**STORED DATA**
--------------------------------

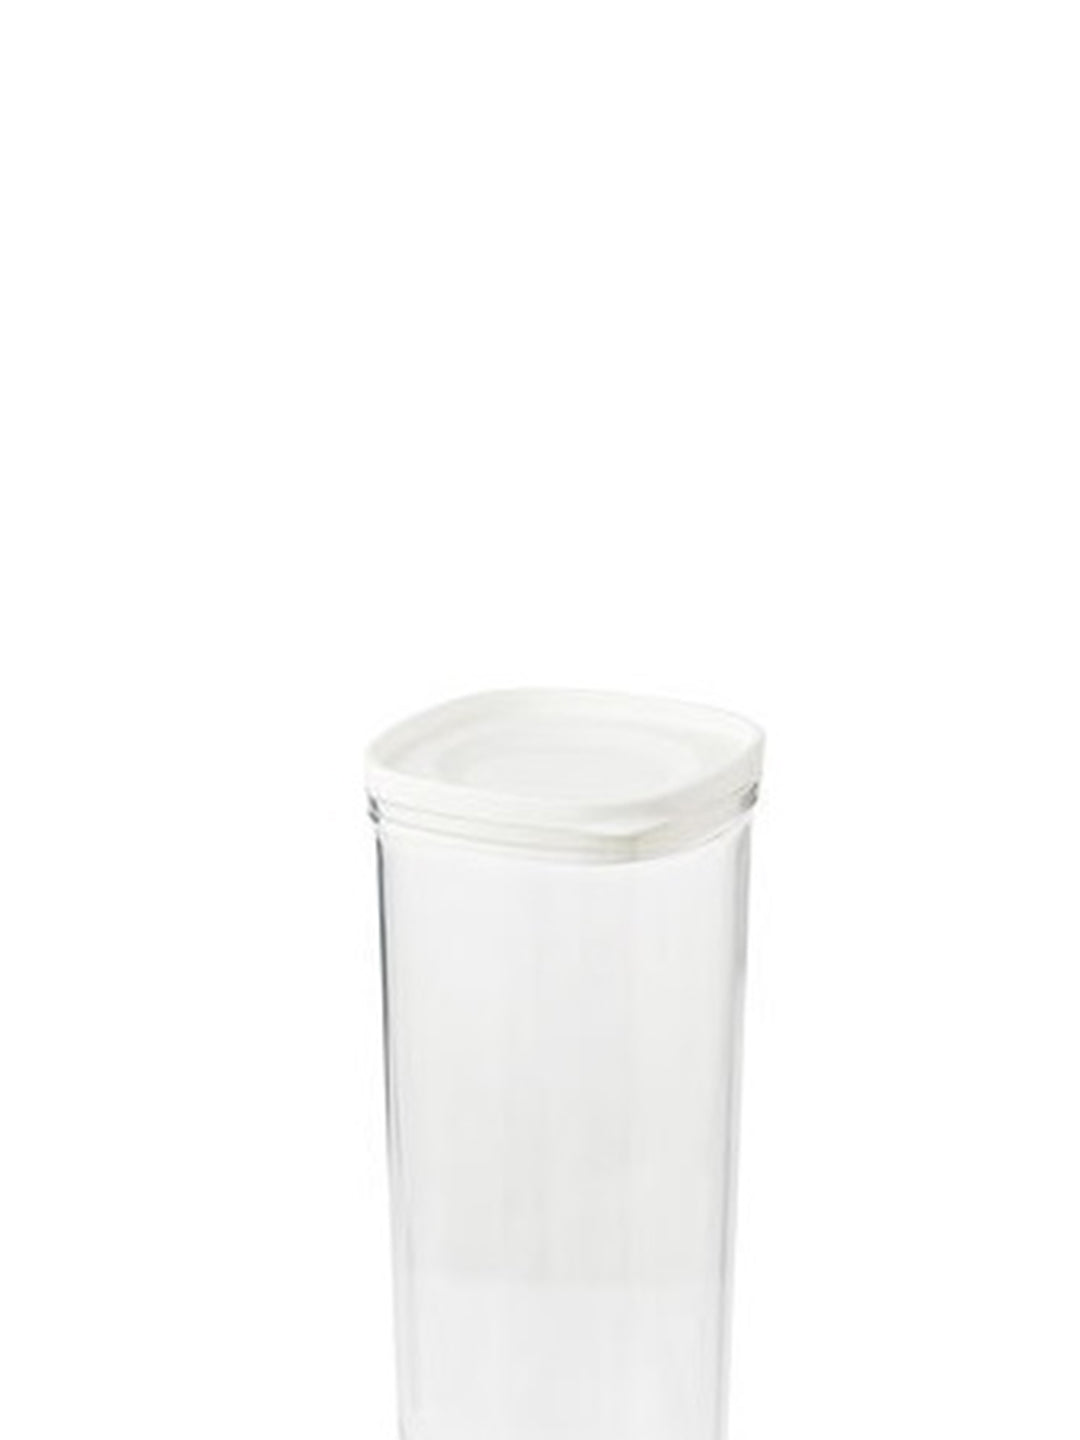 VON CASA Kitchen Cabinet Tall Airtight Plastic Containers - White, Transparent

--------------------------------

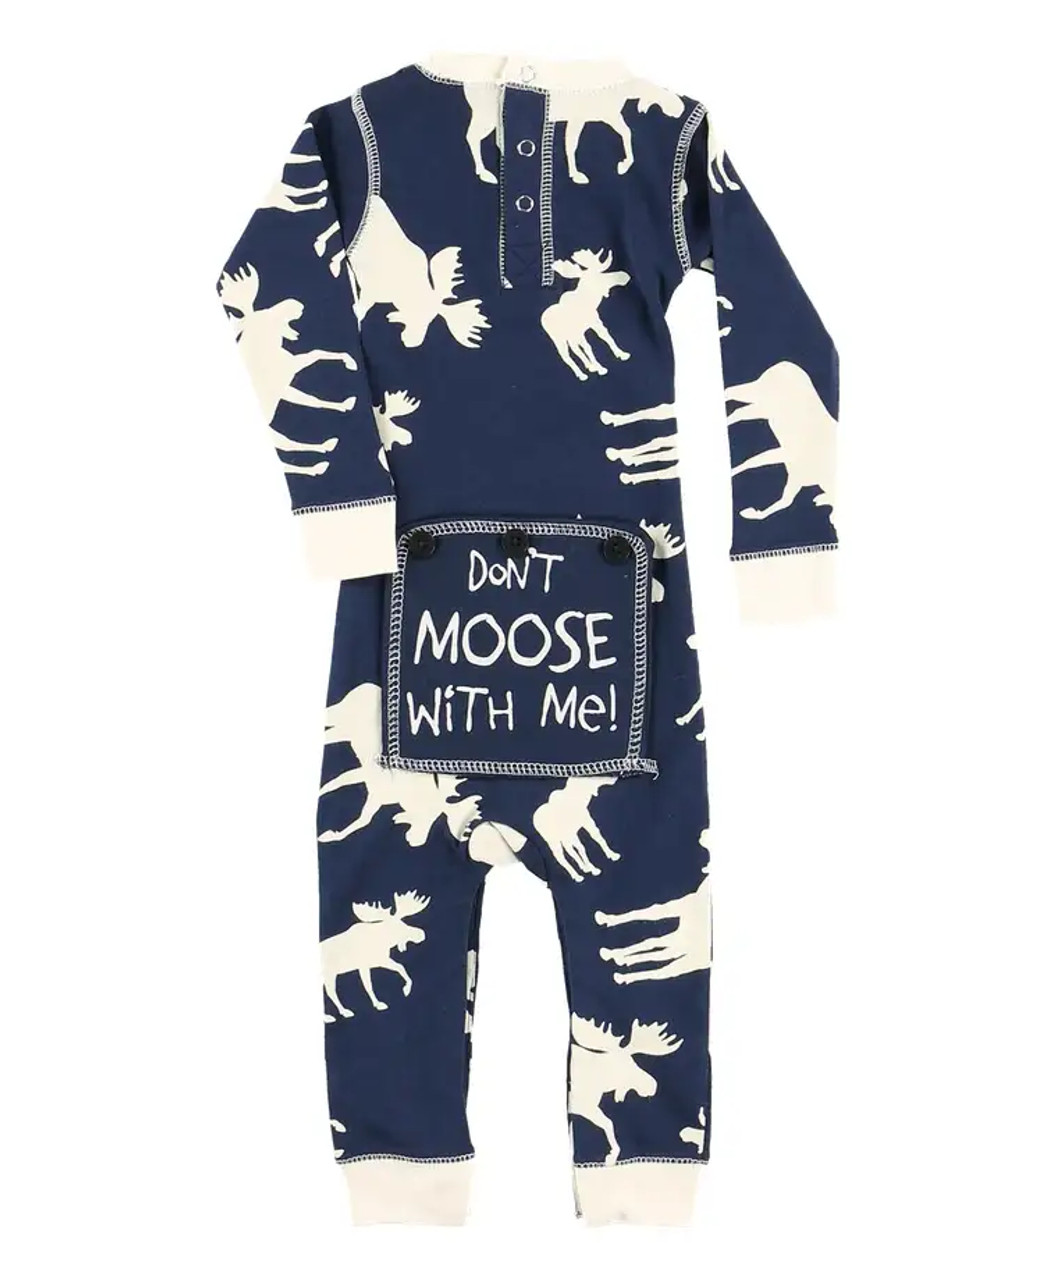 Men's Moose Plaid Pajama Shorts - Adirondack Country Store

--------------------------------

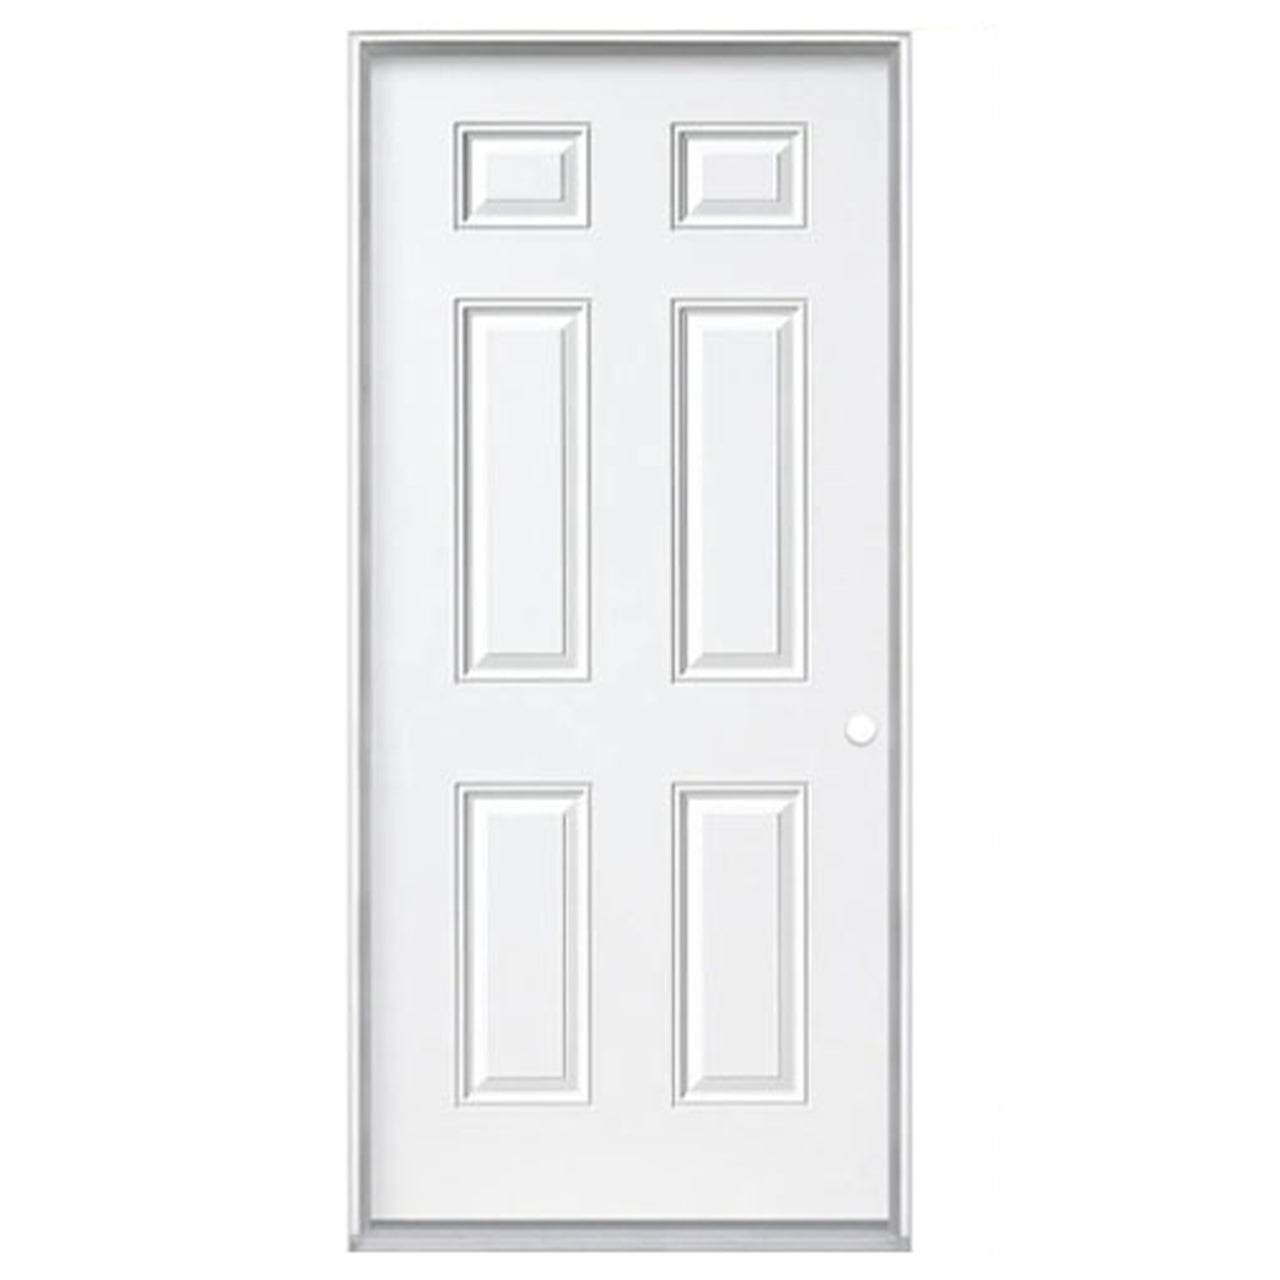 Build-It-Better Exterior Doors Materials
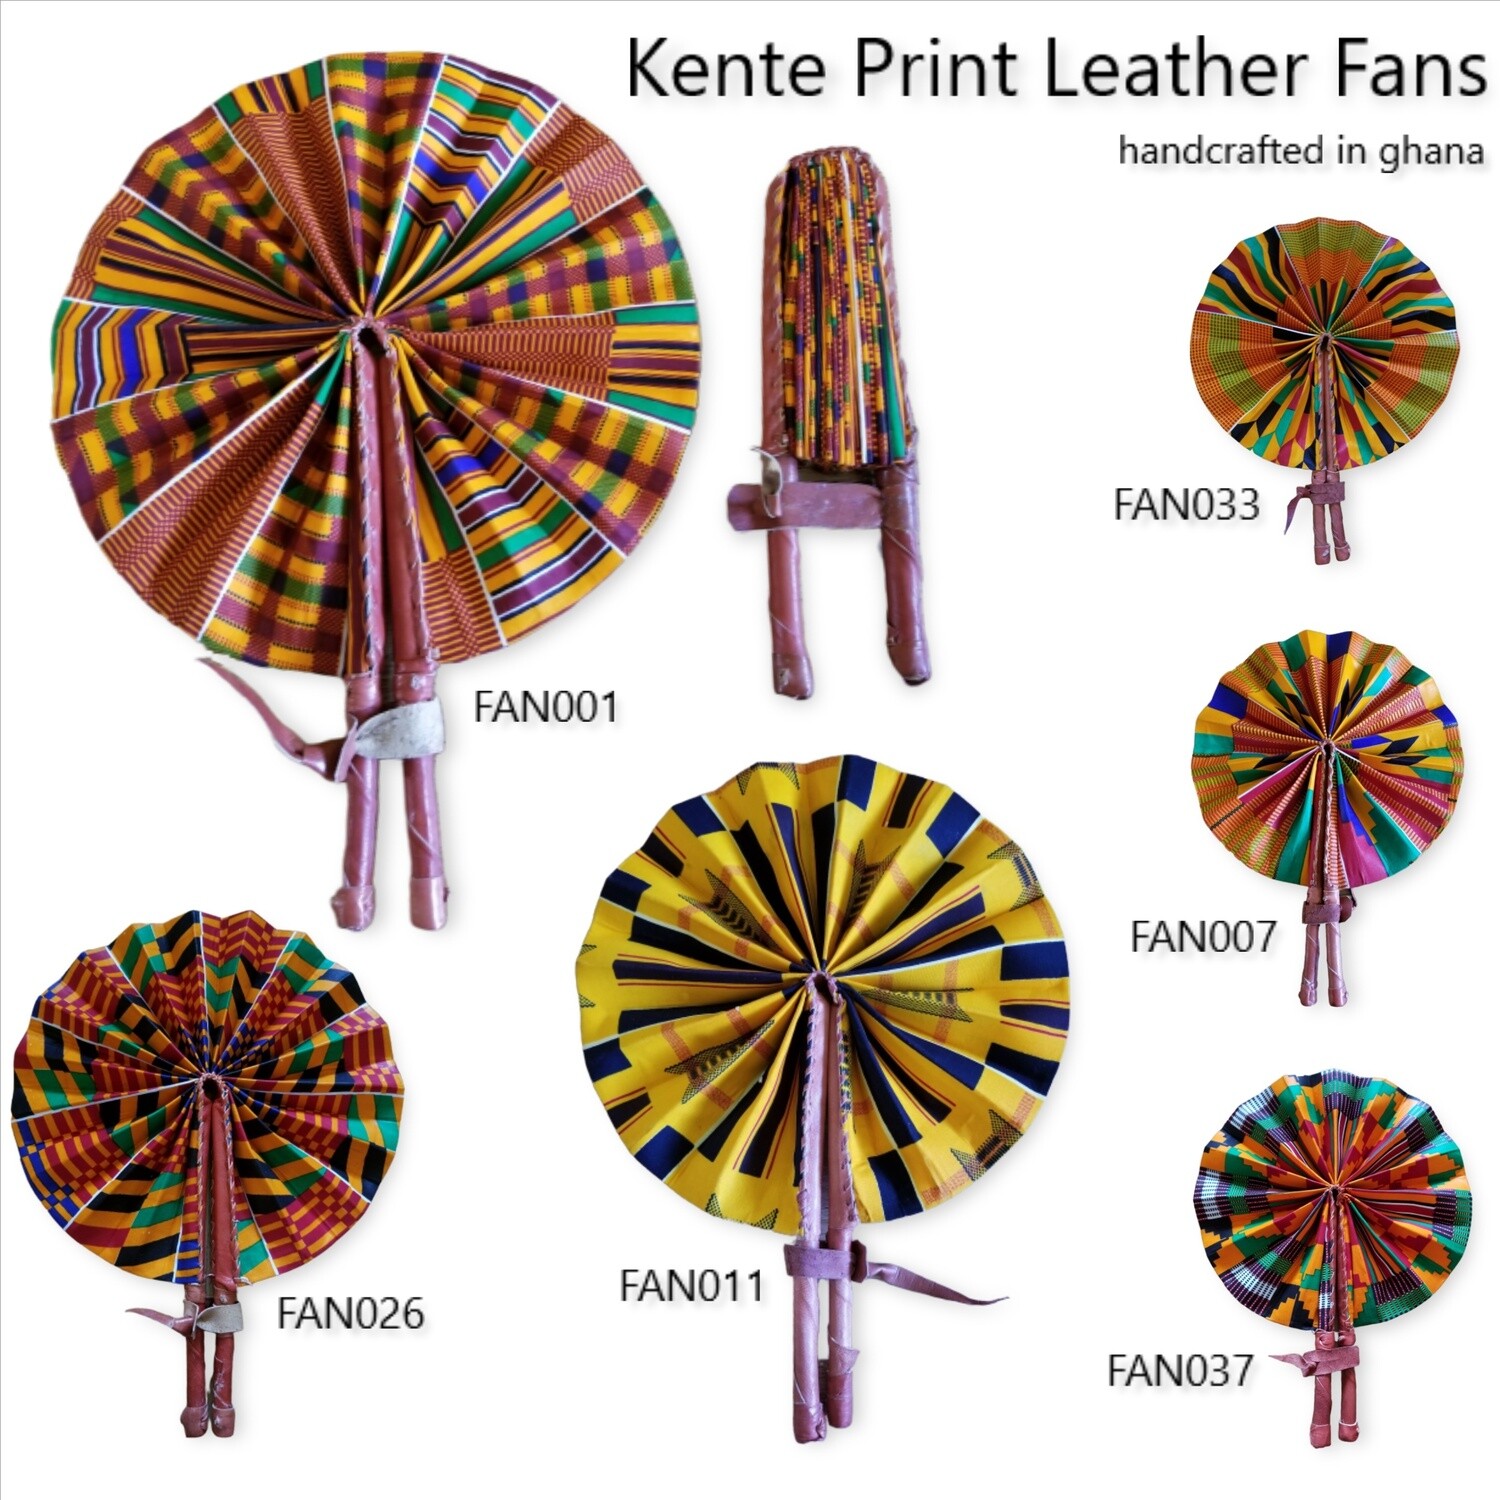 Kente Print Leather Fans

--------------------------------

**EXERCISE DIRECTIONS**
What's needed is an exact copy of the records above from the line containing "Build-It-Better Exterior Doors Materials" down to the line containing "Kente Print Leather Fans", both included, without any pictures.

**RESULT BELOW**
 Build-It-Better Exterior Doors Materials
 Kente Print Leather Fans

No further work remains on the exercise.